## Recorded information

^^^^^^^^^^^^^^^^

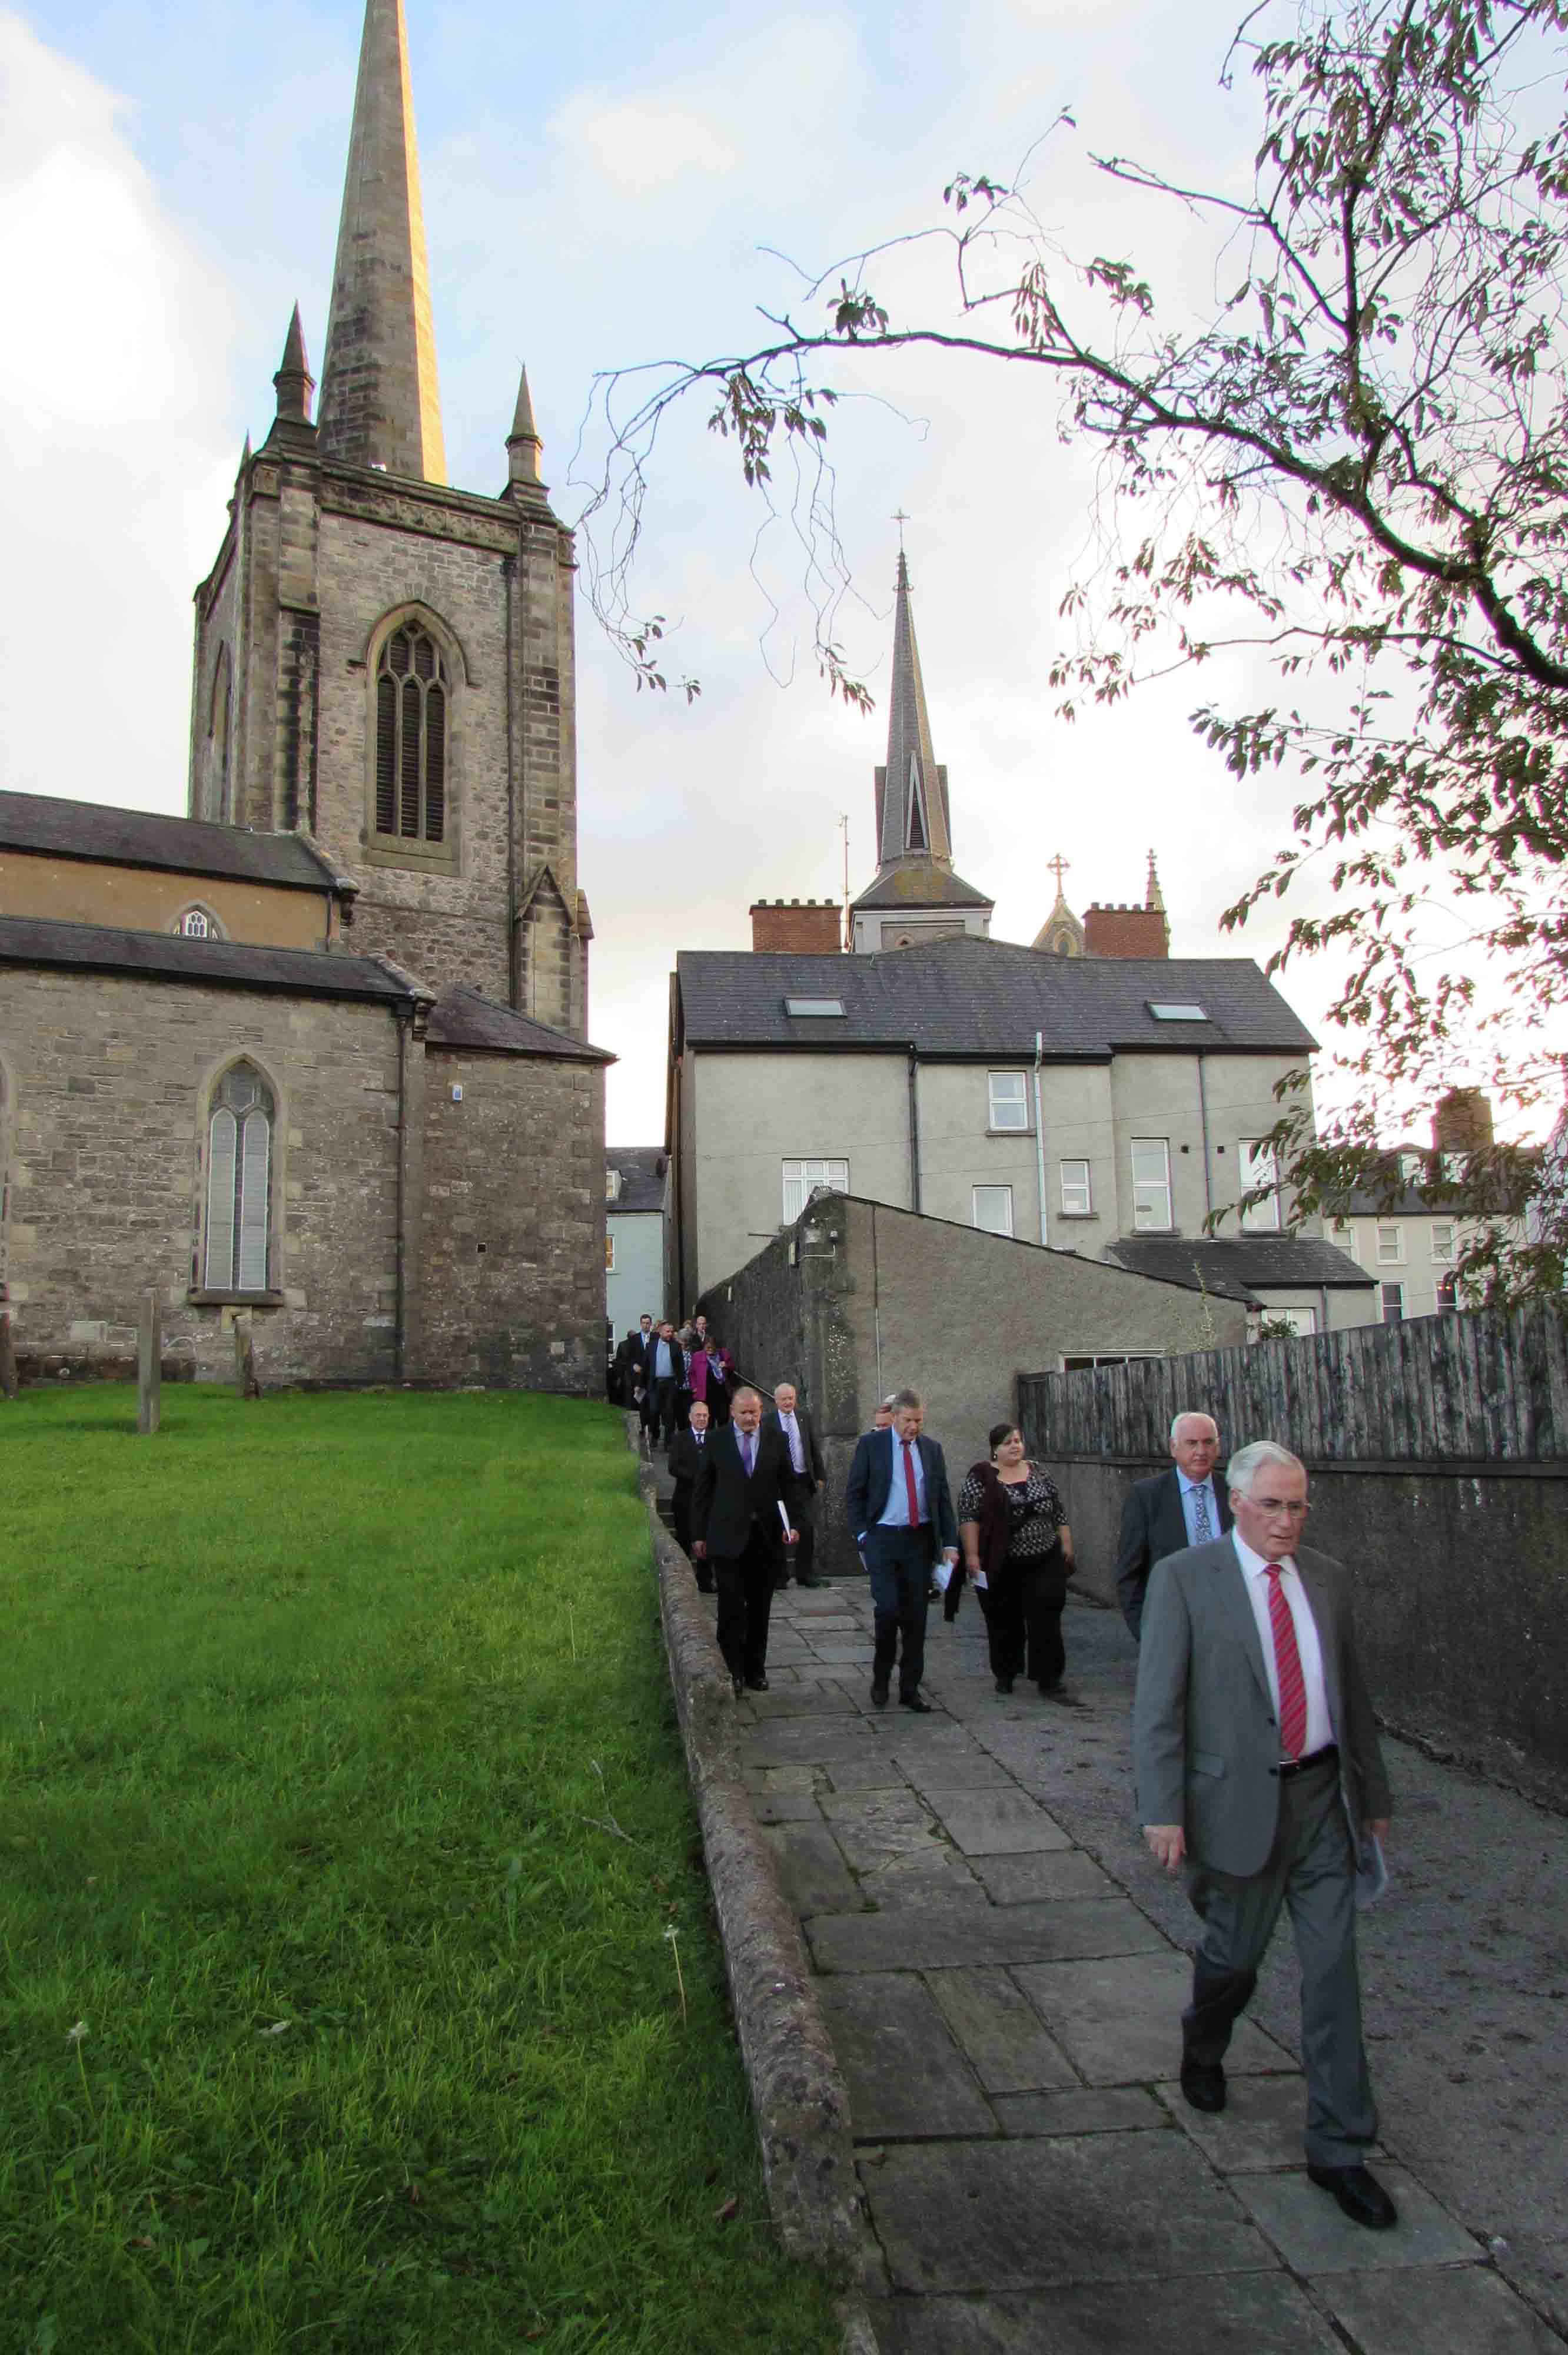 Members of Clogher Diocesan Synod making their way from St Macartin's Cathedral following a Service of Holy Communion to the Cathedral Hall for the Clogher Diocesan Synod on Thursday, 27th September 2018.
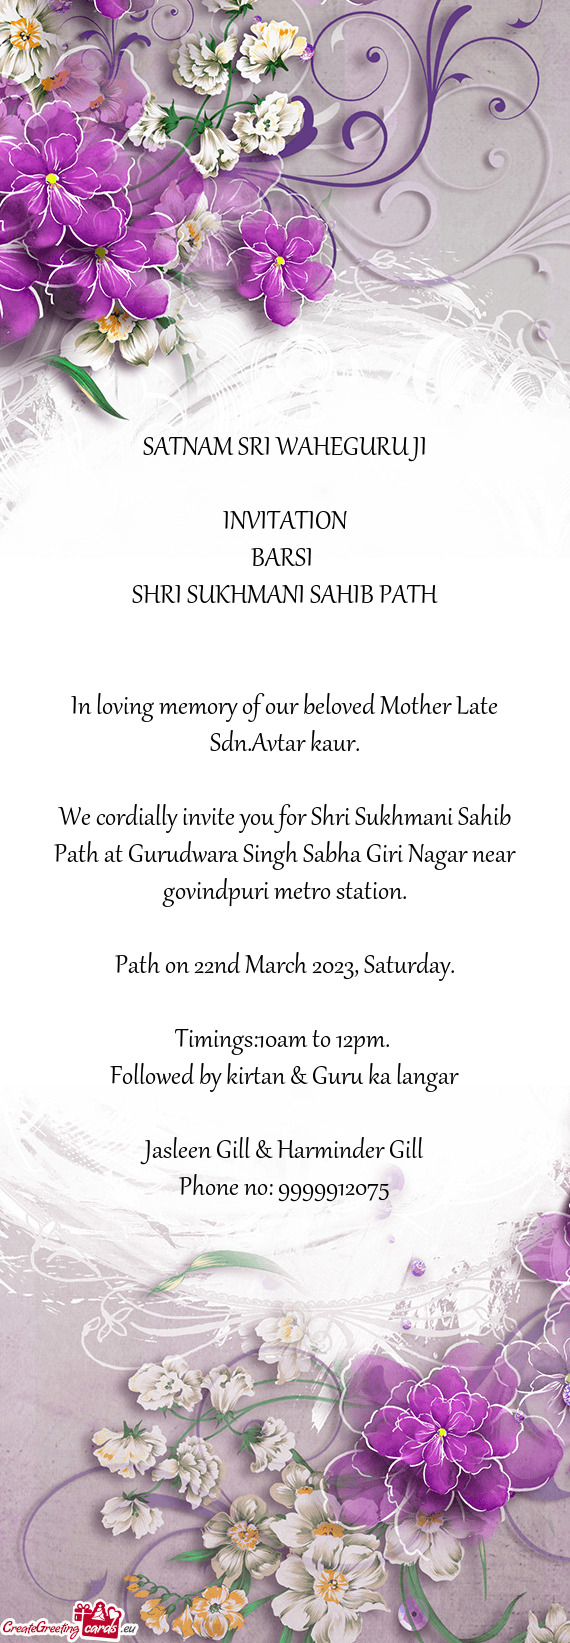 Path on 22nd March 2023, Saturday
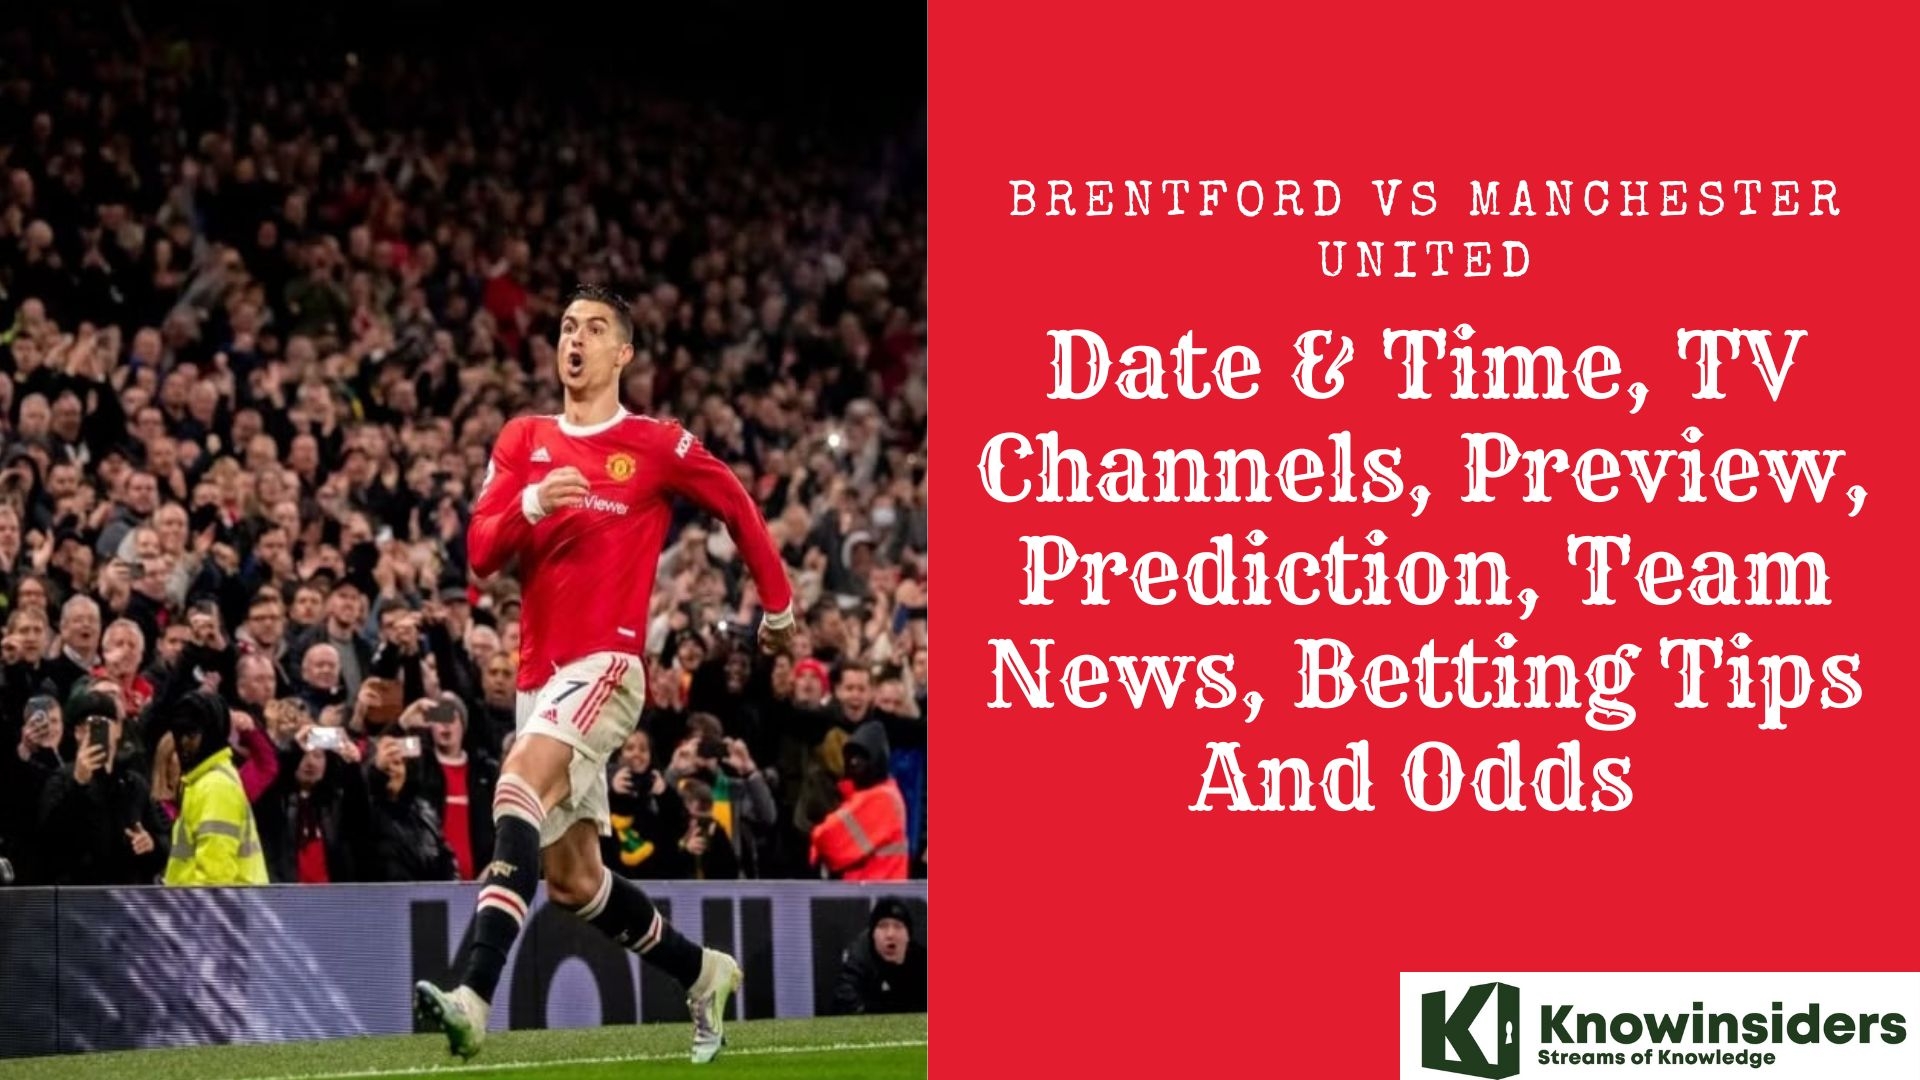 Brentford vs Manchester United: Date & Time, TV Channels, Preview, Prediction, Team News, Betting Tips And Odds Knowinsiders.com

^^^^^^^^^^^^^^^^

## Try it
Begin with the line holding "Path on 22nd March 2023, Saturday" and end with the last line of the listing. Reproduce each of those lines exactly, and leave every picture out.

## Answer to this problem
 Path on 22nd March 2023, Saturday
 Brentford vs Manchester United: Date & Time, TV Channels, Preview, Prediction, Team News, Betting Tips And Odds Knowinsiders.com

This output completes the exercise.